The global interest generated by the summit is due not just to the significance of the meeting but also to the two personalities involved. Trump is flamboyant, unorthodox, and seemingly capricious. Kim, on the other hand, is unpredictable, despised by many in the Western world, and often described as a madman.

While the agreement that was crafted in the summit was criticized by some for its lack of specificity, there is no denying the historic nature of the first meeting between the leaders of the two nations. The agreement included commitments to “establish new US-DPRK relations,” and,”build a lasting and stable peace regime on the Korean peninsula”. Pyongyang also committed to “work toward complete denuclearization on the Korean peninsula” and the US committed to provide security guarantees for its Korean nemesis.

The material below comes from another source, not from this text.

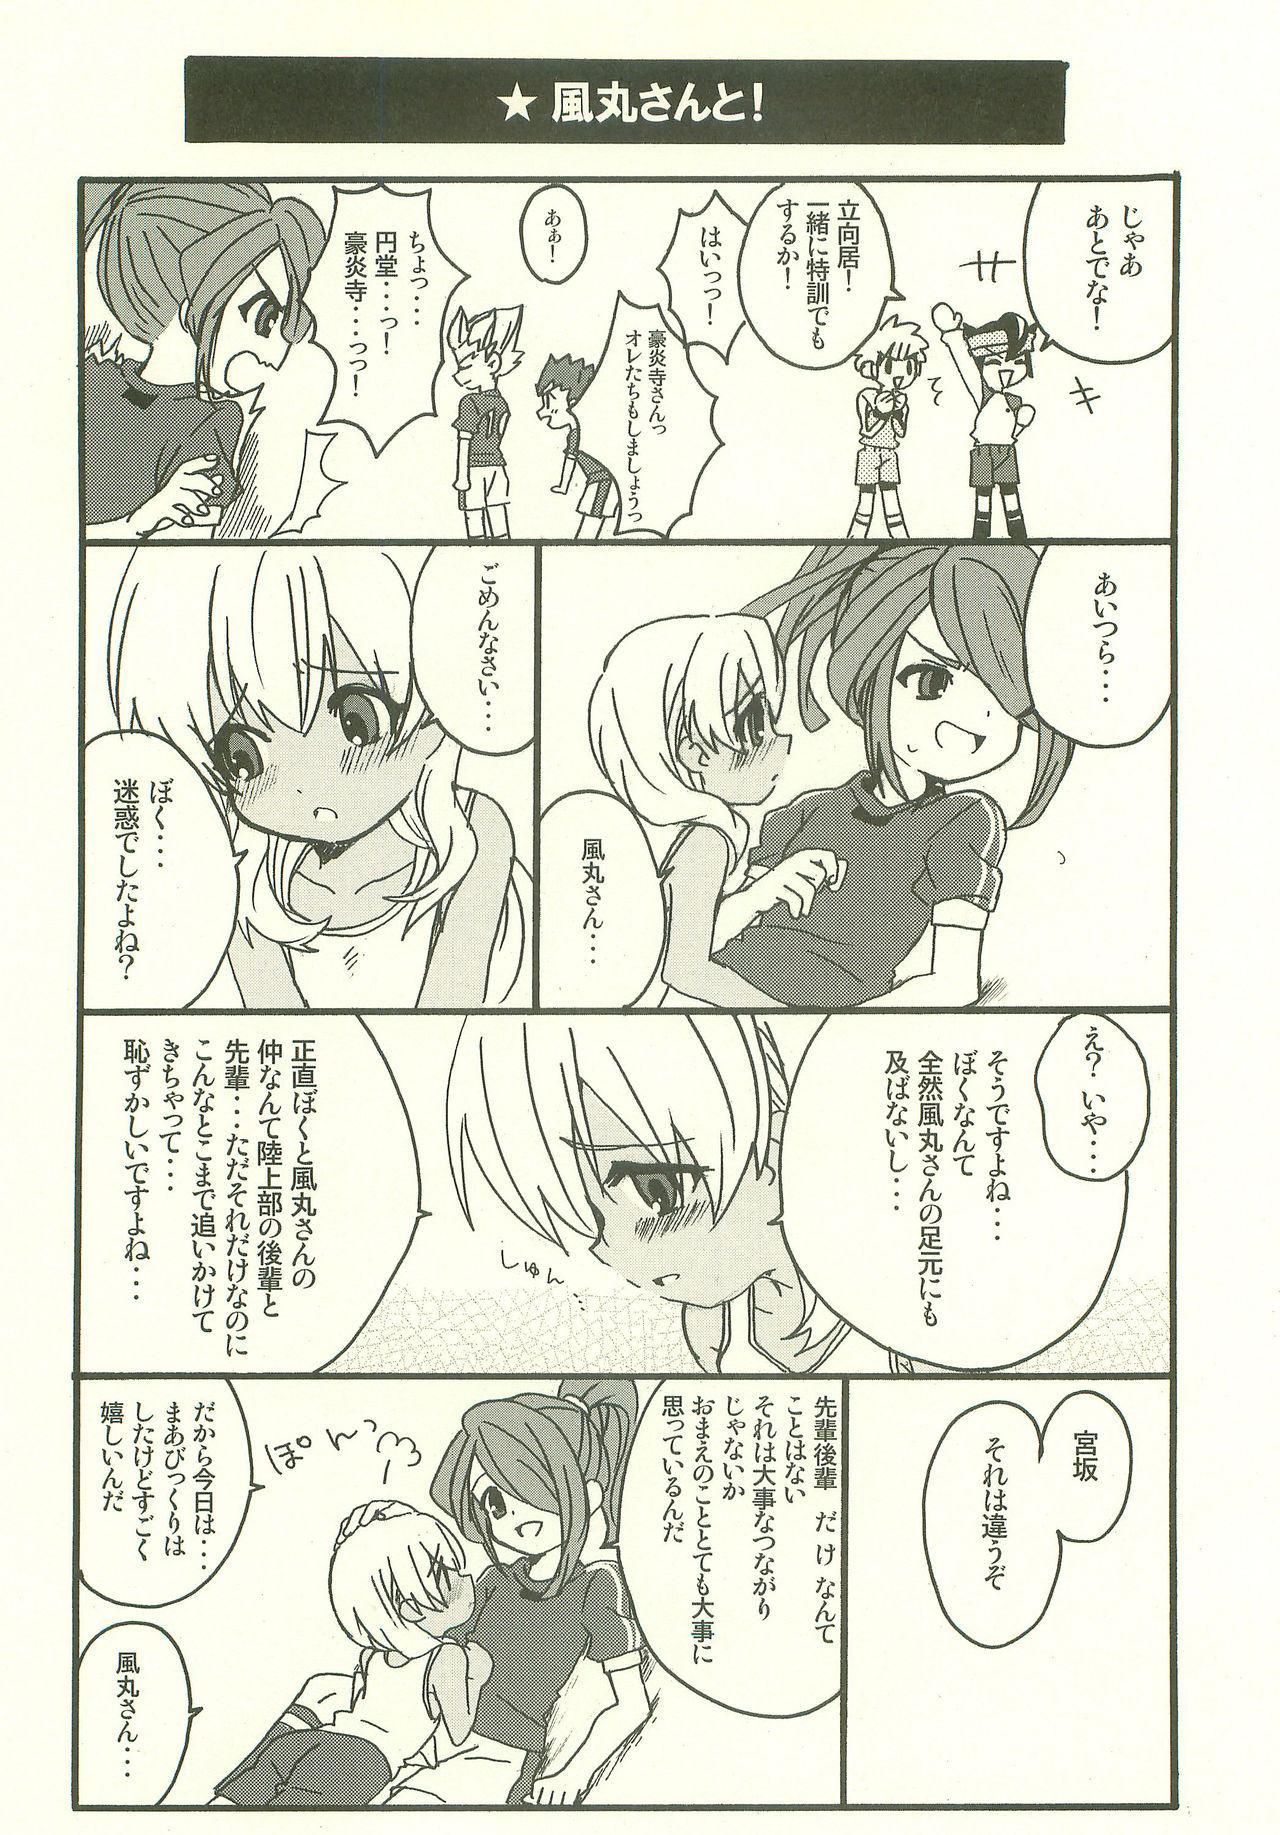 Datte, Daisuki! 6

Despite North Korea’s documented history of violating agreements it entered into, its government took a small step in the right direction by dismantling some nuclear facilities. There is still so much more to do to achieve the ideals of lasting global peace but I think this is a positive step.

Do not get me wrong. Kim and the North Korean government should be rightfully criticized for prioritizing its nuclear program over the welfare of its people. While many of its people are hungry and poor, it nuclear build-up has received most of the money that should have been used for economic development. Worse, such acts has plunged the region and the world into a tensed security situation that threaten the very existence of all nations including the Philippines.

I understand that one summit cannot change this situation. I also understand that we cannot completely trust the leader of North Korea to honor the agreement.

But I believe that this strategy is the right strategy to deal with leaders whose fingers are aimed at that nuclear button—engage them. It is easy for us to craft very simplistic perceptions of the North Korean leader. Are critics correct in painting him as mad and unhinged?

If he is mad then there is method to his madness. At a very young age, he assumed the leadership role in his country after the death of his father. Probably sensing that his government’s military leader were sizing him up, Kim had to project a strong leadership persona both in his country and the world. He could not afford to be perceived as soft and weak.

He probably pursued his country’s nuclear program because he wanted to strengthen his hand in negotiations with the US. But at the same time he was aware of the tragic fate of Saddam Hussein and Moammar Khadafy

But how do you deal with him? History has shown that the strategy of interfering in the affairs of other nations, actively and covertly removing a dictator are ineffective. More often than not, the forcible removal of a dictator and attempts by a foreign power at state-building create a political vacuum leading to further instability. In other words, it does not work.

A caricature of the North Korean leader is not going to help us get to our ultimate objective: world stability and peace. The more you deal with him, the more you understand him—his thinking, his contexts and his perspectives.

Demonizing world leaders we do not like does not change anything. On the contrary, it isolates them and push them into a corner. Engaging them however creates an environment where progress can be achieved. Getting them in the negotiating table ensures that dialog not violence will prevail.

Some might say this is a naive point of view but I’d rather be naive than wrong, especially if we are talking about nuclear weapons that can obliterate our world as we know it. Whatever you think of the two gentlemen, let us all hope and pray that the objectives of that historic summit are achieved for our sake and the future of our children.